When reviewing an order of a district court granting summary judgment in proceedings seeking disclosure under the FOIA, a reviewing court must determine whether the district court had an adequate factual basis for its decision and, if so, whether that decision was clearly erroneous. Abdelfattah v. U.S. Dep’t of Homeland Sec., 488 F.3d 178, 182 (3d Cir.2007). We will reverse only “if the findings are unsupported by substantial evidence, lack adequate evidentiary support in the record, are against the clear weight of the evidence or where the district court has misapprehended the weight of the evidence.” Id., quoting Lame v. U.S. Dep’t of Justice, 767 F.2d 66, 70 (3d Cir.1985).

*832 Exemption 6 of the FOIA exempts from disclosure “personnel and medical files and similar files the disclosure of which would constitute a clearly unwarranted invasion of personal privacy.” 5 U.S.C. § 552(b)(6). To determine whether the exemption applies, courts balance the public interest in disclosure against the privacy interest protected by the exemption. Sheet Metal Workers Int’l Assn., Local Union No. 19 v. U.S. Dep’t of Veterans Affairs, 135 F.3d 891, 897 (3d Cir.1998). There is a presumption in favor of disclosure, and the agency has the burden of proving that an exemption applies. Id.

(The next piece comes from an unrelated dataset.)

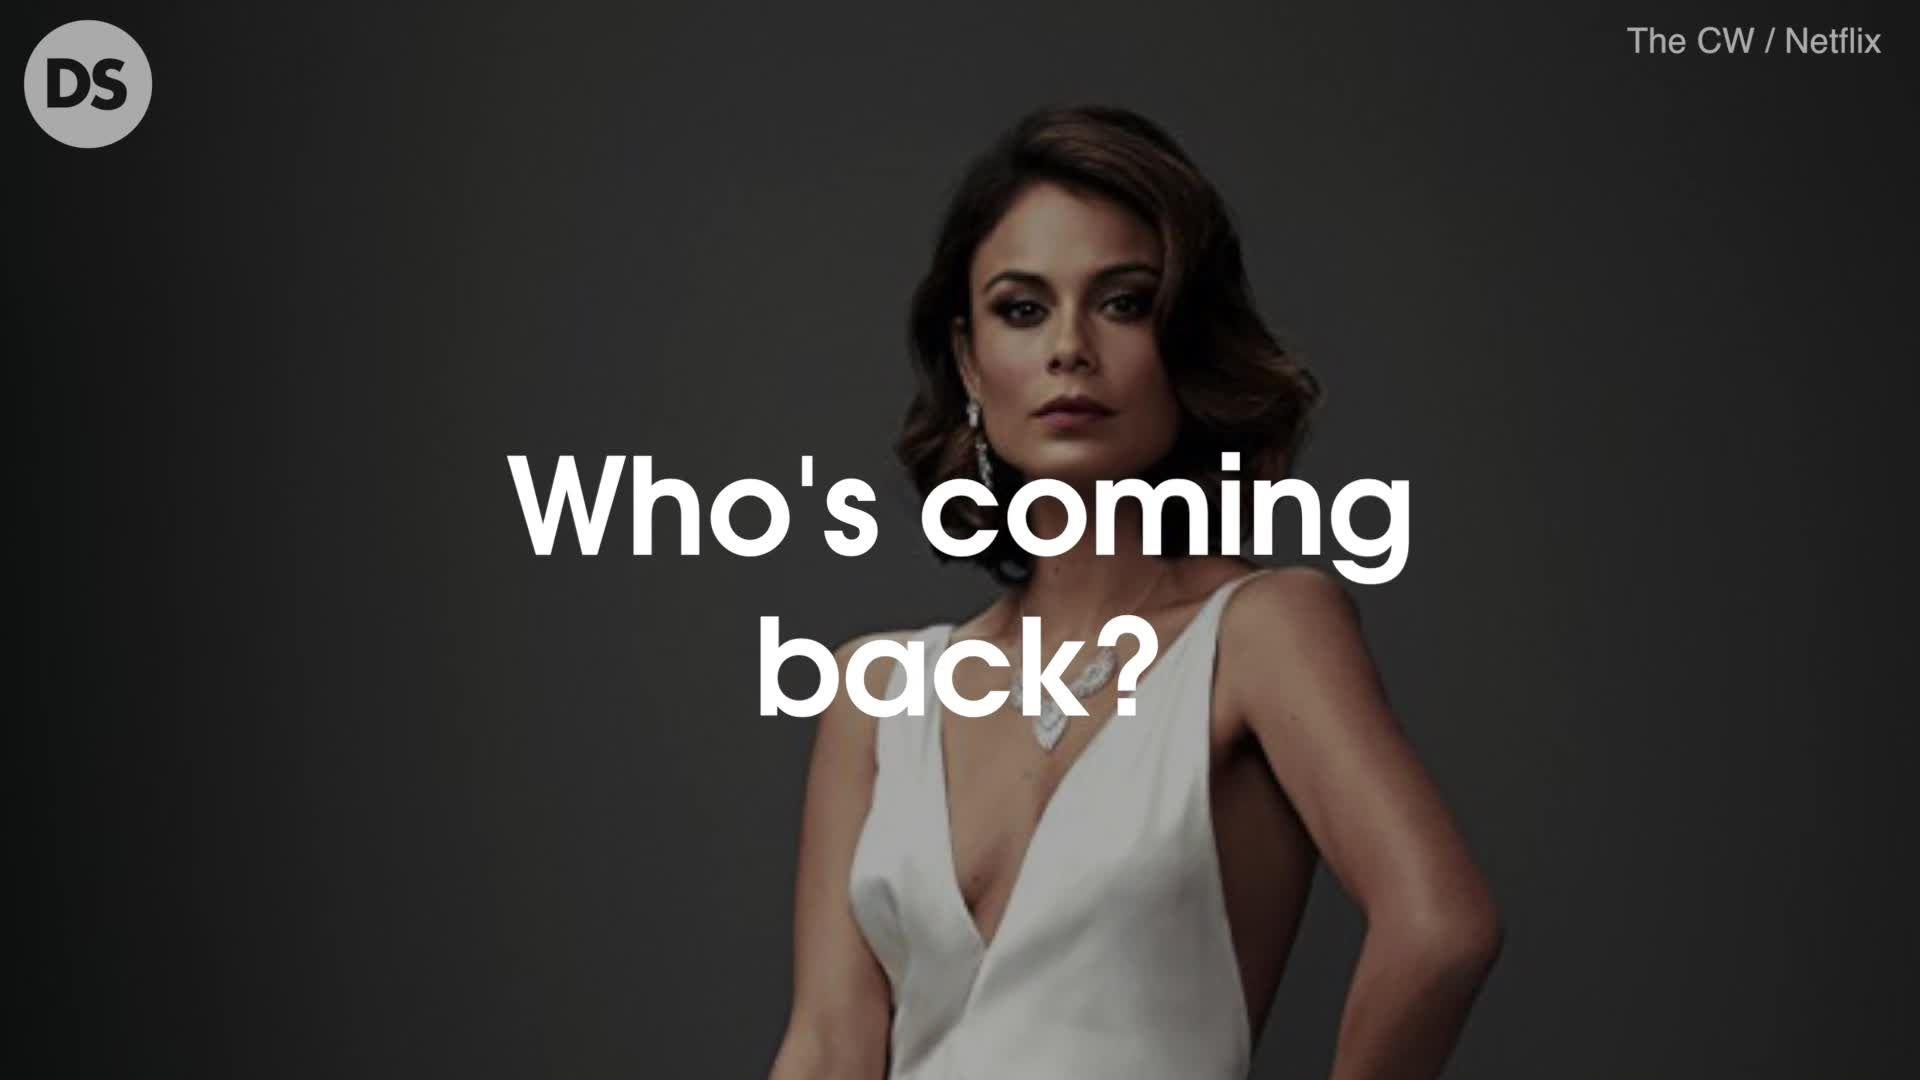 Dynasty season 2 – Release date, cast, spoilers

Appellants first argue that Officer Williams’s time records are not “similar files” that would be expected to contain the type of personal information Exemption 6 was designed to protect, and instead merely reflect the activities she performed while investigating appellants or performing other work-related functions. However, the term “similar files” is construed broadly and not limited to those files that contain intimate details or highly personal information. U.S. Dep’t of State v. Washington Post Co., 456 U.S. 595, 600, 102 S.Ct. 1957, 72 L.Ed.2d 358 (1982). Rather, the exemption is intended to cover records that can be “identified as applying to that individual.” Id. at 602, 102 S.Ct. 1957.